Stored items
-*-
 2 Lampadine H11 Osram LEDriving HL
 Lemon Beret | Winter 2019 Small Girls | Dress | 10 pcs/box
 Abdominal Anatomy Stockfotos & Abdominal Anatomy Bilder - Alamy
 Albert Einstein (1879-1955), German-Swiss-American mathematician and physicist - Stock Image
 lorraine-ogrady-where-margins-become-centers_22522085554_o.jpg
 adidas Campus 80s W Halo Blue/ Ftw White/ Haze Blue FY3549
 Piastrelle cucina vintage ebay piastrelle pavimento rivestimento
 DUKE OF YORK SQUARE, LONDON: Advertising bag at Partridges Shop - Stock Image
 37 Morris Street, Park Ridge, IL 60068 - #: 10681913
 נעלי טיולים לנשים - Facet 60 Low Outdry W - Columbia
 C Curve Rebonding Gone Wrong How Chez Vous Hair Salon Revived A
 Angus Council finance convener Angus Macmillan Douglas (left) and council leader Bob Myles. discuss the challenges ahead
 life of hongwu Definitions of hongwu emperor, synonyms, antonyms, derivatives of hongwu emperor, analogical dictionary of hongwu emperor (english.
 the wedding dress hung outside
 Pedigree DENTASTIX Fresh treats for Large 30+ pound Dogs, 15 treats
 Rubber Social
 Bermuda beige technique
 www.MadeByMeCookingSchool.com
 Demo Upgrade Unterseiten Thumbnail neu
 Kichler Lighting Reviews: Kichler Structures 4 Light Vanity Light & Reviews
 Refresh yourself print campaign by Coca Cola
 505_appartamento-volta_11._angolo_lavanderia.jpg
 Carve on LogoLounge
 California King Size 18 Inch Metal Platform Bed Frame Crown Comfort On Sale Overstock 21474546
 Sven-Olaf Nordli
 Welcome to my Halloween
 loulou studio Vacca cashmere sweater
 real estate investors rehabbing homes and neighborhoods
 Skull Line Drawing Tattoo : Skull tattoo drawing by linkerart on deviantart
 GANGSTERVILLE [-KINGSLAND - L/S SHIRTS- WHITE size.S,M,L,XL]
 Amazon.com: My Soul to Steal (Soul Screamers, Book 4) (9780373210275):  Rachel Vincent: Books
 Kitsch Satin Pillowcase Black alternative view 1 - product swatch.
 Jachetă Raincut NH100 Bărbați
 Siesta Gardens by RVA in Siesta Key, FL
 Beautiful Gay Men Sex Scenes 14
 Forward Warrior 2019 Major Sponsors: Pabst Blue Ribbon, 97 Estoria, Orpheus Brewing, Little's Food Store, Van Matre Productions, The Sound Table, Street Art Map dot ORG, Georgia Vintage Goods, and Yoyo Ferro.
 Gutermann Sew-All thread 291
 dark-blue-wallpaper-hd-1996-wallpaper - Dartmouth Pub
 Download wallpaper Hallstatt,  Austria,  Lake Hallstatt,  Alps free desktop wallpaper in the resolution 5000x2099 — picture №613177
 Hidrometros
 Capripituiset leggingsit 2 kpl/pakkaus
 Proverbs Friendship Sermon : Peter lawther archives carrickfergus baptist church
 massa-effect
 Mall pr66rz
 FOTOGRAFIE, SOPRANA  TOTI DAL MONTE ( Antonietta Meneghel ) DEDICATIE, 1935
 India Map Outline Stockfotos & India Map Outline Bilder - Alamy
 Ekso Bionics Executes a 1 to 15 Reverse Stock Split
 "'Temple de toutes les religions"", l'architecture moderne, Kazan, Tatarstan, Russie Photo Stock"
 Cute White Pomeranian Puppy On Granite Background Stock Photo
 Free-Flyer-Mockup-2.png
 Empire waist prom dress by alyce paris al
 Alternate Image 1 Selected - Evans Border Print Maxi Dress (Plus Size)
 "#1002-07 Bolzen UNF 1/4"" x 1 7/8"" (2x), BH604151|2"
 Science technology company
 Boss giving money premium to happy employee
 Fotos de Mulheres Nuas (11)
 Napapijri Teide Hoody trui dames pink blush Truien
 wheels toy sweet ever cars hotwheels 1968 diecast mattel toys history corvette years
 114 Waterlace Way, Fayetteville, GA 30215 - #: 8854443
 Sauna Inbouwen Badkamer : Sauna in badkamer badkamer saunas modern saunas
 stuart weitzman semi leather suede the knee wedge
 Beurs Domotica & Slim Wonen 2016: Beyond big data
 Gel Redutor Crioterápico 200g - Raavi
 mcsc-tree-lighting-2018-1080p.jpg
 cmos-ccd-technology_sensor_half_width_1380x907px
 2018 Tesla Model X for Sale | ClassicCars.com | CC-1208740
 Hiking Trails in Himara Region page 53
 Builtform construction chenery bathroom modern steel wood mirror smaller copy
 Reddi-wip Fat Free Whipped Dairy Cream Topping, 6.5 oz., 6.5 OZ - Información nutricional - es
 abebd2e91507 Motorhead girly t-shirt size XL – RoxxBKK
-*-
### WHAT TO DO
Only one stretch is wanted, so please give again exactly the lines from the start of the data through the line containing "Piastrelle cucina vintage", both ends included.

### RESPONSE TO THE EXERCISE
 2 Lampadine H11 Osram LEDriving HL
 Lemon Beret | Winter 2019 Small Girls | Dress | 10 pcs/box
 Abdominal Anatomy Stockfotos & Abdominal Anatomy Bilder - Alamy
 Albert Einstein (1879-1955), German-Swiss-American mathematician and physicist - Stock Image
 lorraine-ogrady-where-margins-become-centers_22522085554_o.jpg
 adidas Campus 80s W Halo Blue/ Ftw White/ Haze Blue FY3549
 Piastrelle cucina vintage ebay piastrelle pavimento rivestimento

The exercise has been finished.